Parteien suchen zu selten Lösungen

Kriminalstatistik: Wir haben ein Problem mit jugendlichen und nichtdeutschen Gewalttätern

Harald Baumer

Korrespondent Berlin

E-Mail zur Autorenseite

9.4.2024, 13:49 Uhr
Innenministerin Nancy Faeser bei der Vorstellung der Kriminalstatistik.

© Britta Pedersen/dpa Innenministerin Nancy Faeser bei der Vorstellung der Kriminalstatistik.

Die Vorstellung der jährlichen Kriminalstatistik ist ein Höhepunkt des parteipolitischen Aktivismus. Jedes Lager sucht sich exakt die Punkte heraus, die in seine Denkart passen. Dieses Theater fängt meist schon Tage vor der tatsächlichen Veröffentlichung der Zahlen an.

So überrascht es kaum, dass die AfD fast nur über die gestiegene Ausländerkriminalität sprechen will. Die Grünen weisen im Gegenzug darauf hin, dass man Krimininalität am besten bekämpfe, wenn Präventivarbeit bei den besonders betroffenen sozio-ökonomisch schwachen Gruppen leiste und das seien nun mal häufig Migranten. Klingt so, als ob es sich ausschließlich um eine Frage der Sozialarbeit handele.

Wahrheit liegt zwischen den lauten Tönen

Und die Wahrheit? Sie liegt irgendwo zwischen all dem, mit dem uns die Partei-Lautsprecher zudröhnen. Leider gibt es nämlich die ganz einfachen Erklärmuster nicht. Kriminalität ist ein hochkomplexes gesellschaftliches Phänomen, von dem die Polizeistatistik auch nur einen Teil erfasst. Mindestens genauso wichtig ist die Justizstatistik, die auf die abgeschlossenen Verfahren eingeht.

Was kann man also aus den Zahlen lernen, die Bundesinnenministerin Nancy Faeser in Berlin vorgestellt hat? Erstens: Deutschland hat ein ernsthaftes Problem mit der Jugendkriminalität und mit Gewaltdelikten. Der Anteil der nichtdeutschen Tatverdächtigen ist unverhältnismäßig hoch. Das muss man deutlich ansprechen, ohne in dumpfen "Ausländer-raus"-Rechtspopulismus zu verfallen. Zur Ehrlichkeit gehört zum Beispiel auch: Junge Männer sind in so gut wie allen Kulturkreisen kriminell auffällig und nicht nur unter Zuwanderern.

Zweitens: Anhaltend hohe Migrantenzahlen erschweren eine gute Integration. Deswegen sollte man auf die verzweifelten Bürgermeisterinnen und Landräte so gut wie aller Parteien hören, die darauf hinweisen, dass ihre Kindergärten, Schulen, Sprachlehrer, Sozialpädagoginnen und Wohnungsmärkte überfordert sind.

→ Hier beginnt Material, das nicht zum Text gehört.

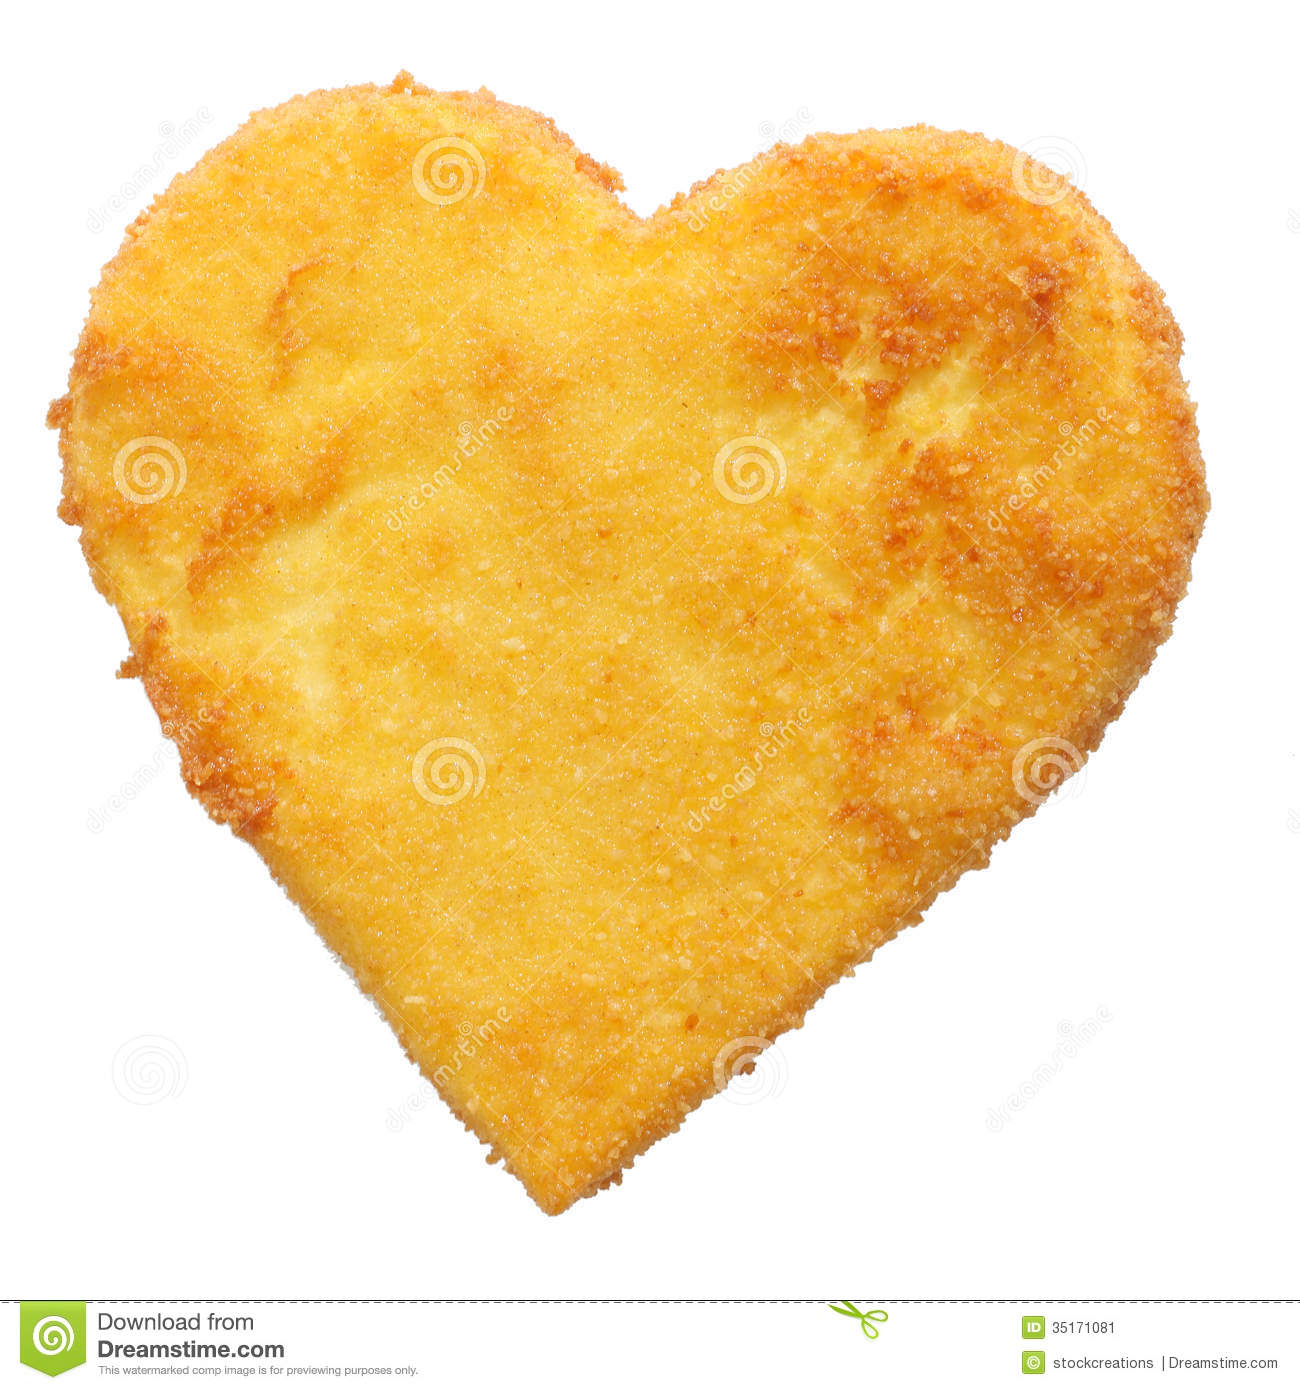 Fried Cheese Fish Or Chicken Meat In Heart Shape Stock Image   Image

Zuwanderung muss besser gesteuert werden, soweit das mit dem Asylrecht als hohem Verfassungsgut zu vereinbaren ist.

Rasch und gezielt verfolgen

Drittens: Trotz der knappen Ressourcen müssen die Mittel für Vorbeugung erhöht werden. Ein vergleichsweise kleiner Anteil der Jugendlichen sorgt für viele und besonders schwere Straftaten. Wird diese Gruppe frühzeitig ins Visier genommen, kann Kriminalität drastisch reduziert werden. Dazu gehört natürlich auch, dass es Polizei und Gerichten ermöglicht wird, diejenigen rasch und gezielt zu verfolgen, die trotzdem straffällig werden.

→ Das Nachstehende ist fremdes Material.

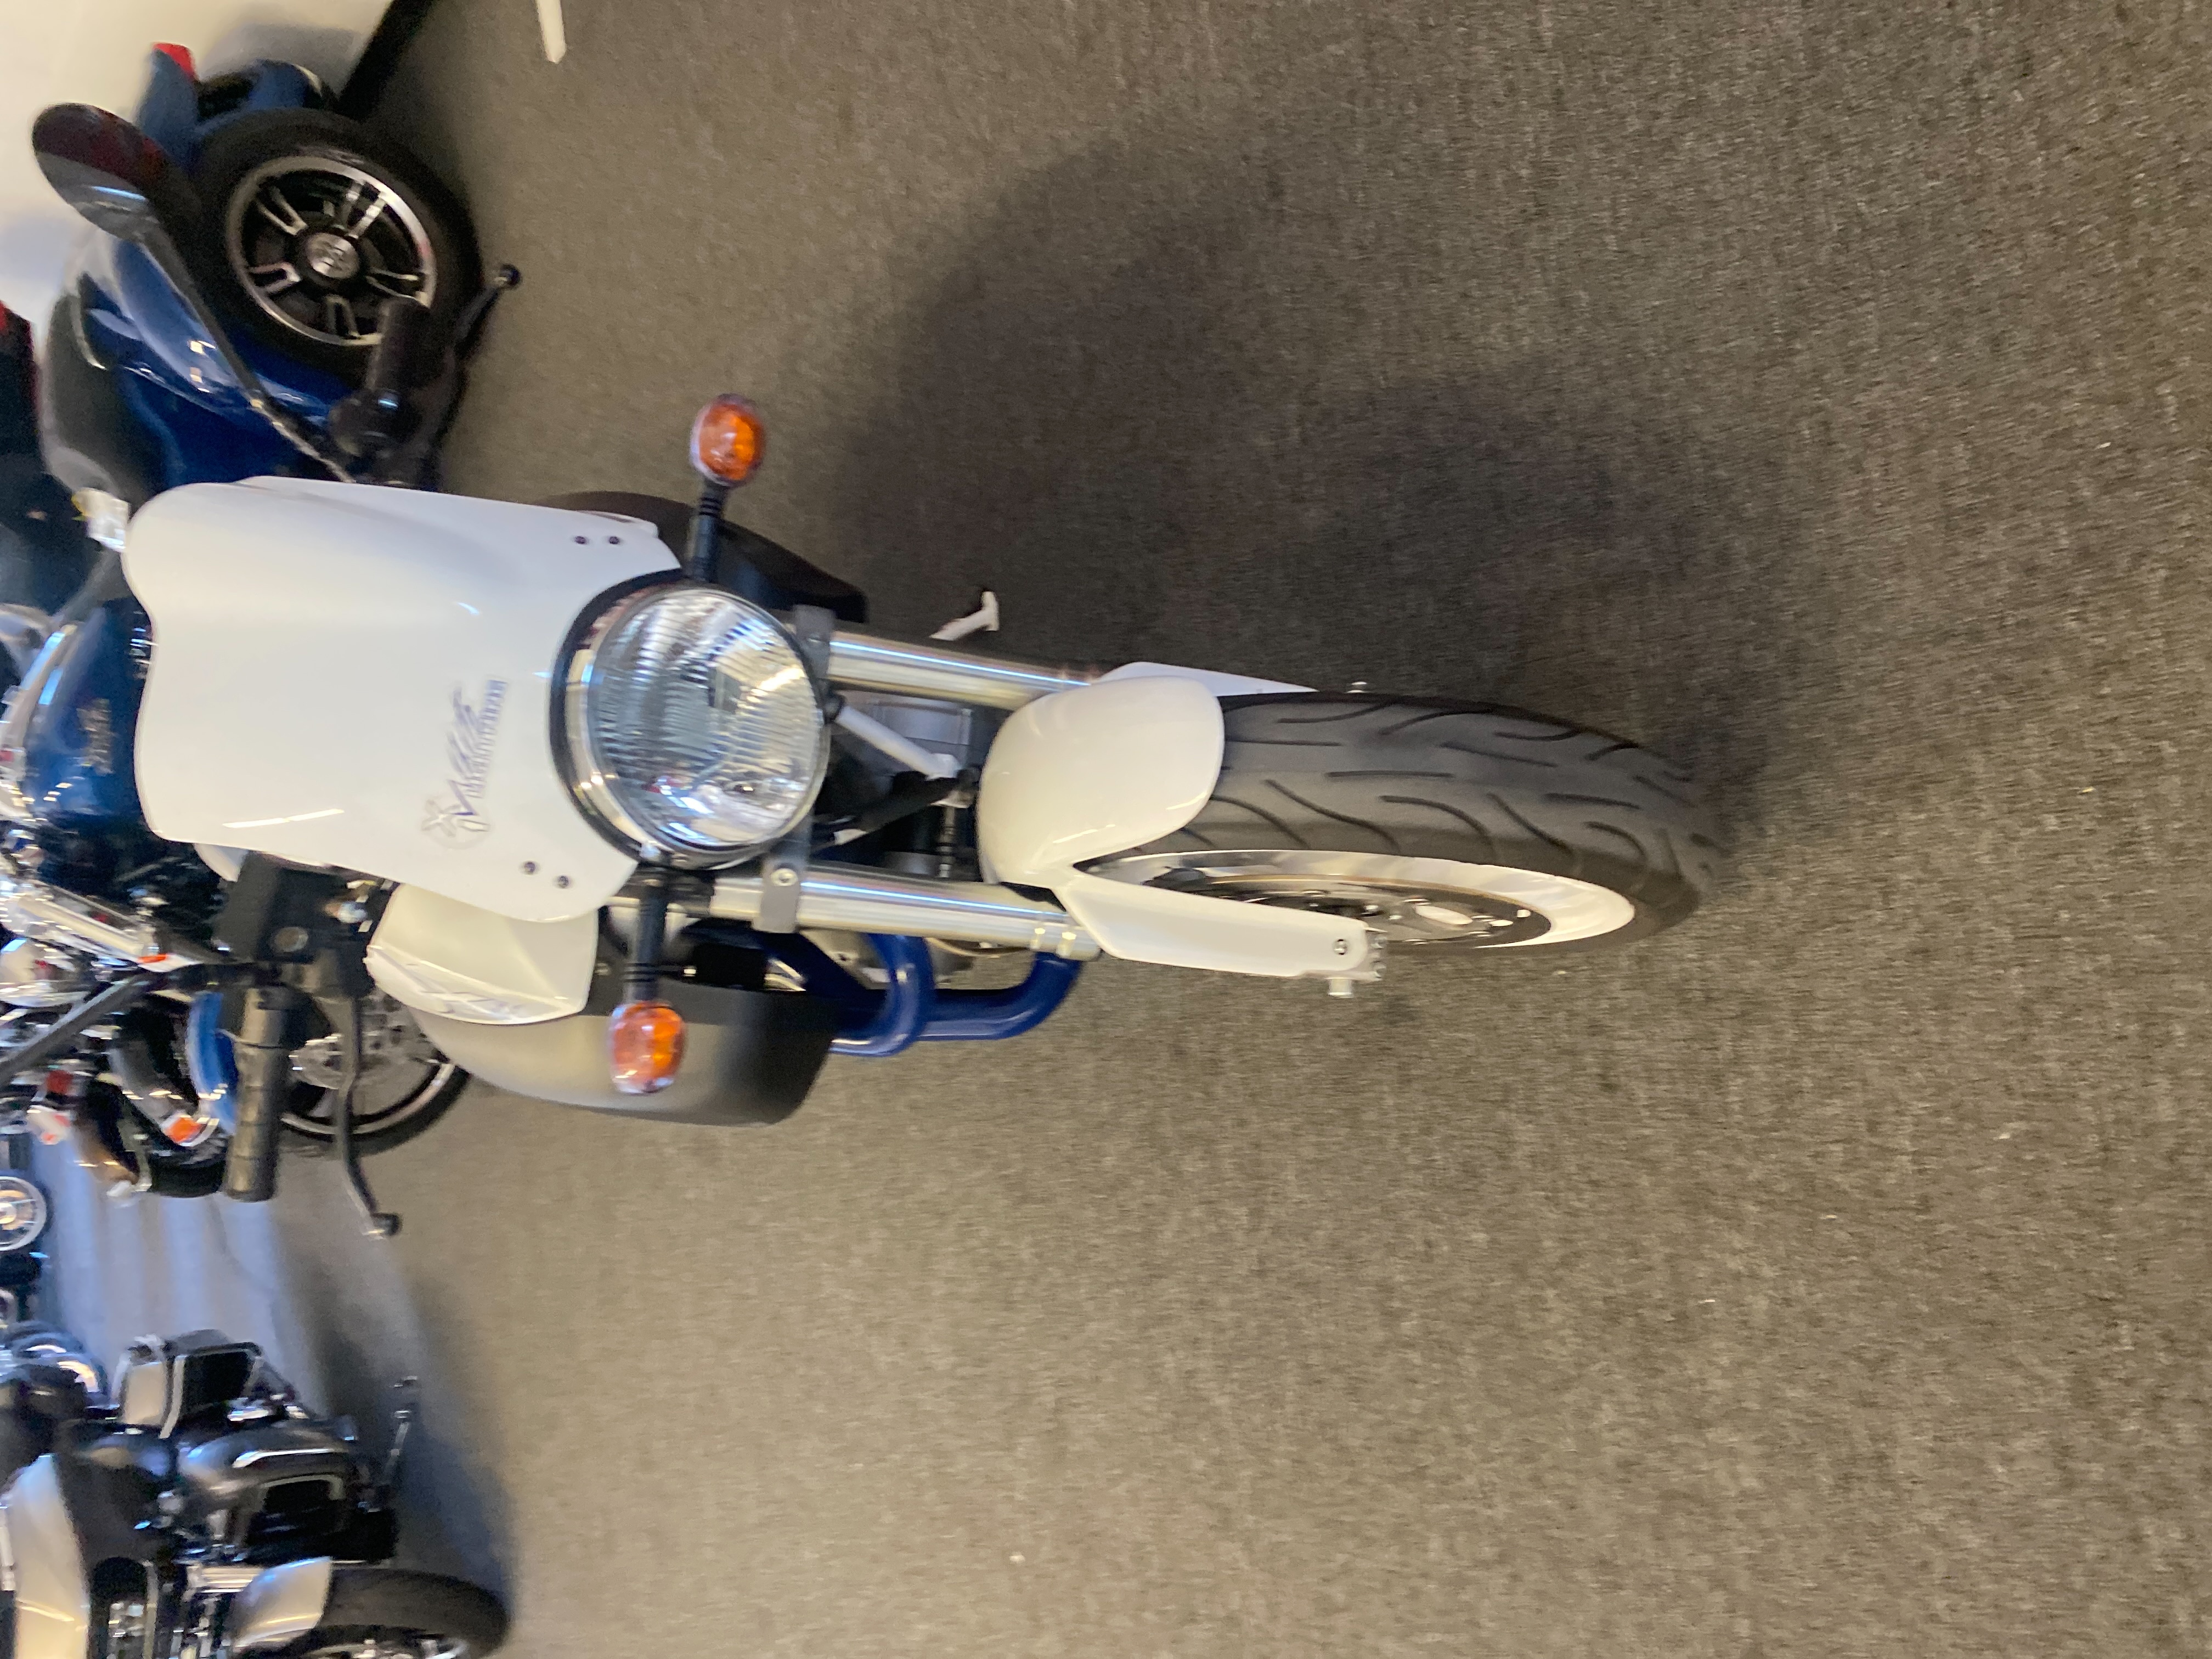 2002 BUELL X1 LTNG at Outpost Harley-Davidson

Nur dann, wenn das Problem an allen Ecken und Enden angegangen wird und das auch noch möglichst gleichzeitig, kann sich langfristig etwas bessern. Diejenigen, die Kriminalität eindimensional betrachten, wollen in Wahrheit gar nichts ändern, sondern nur mit ihrer "reinen Lehre" auf Wählerfang gehen.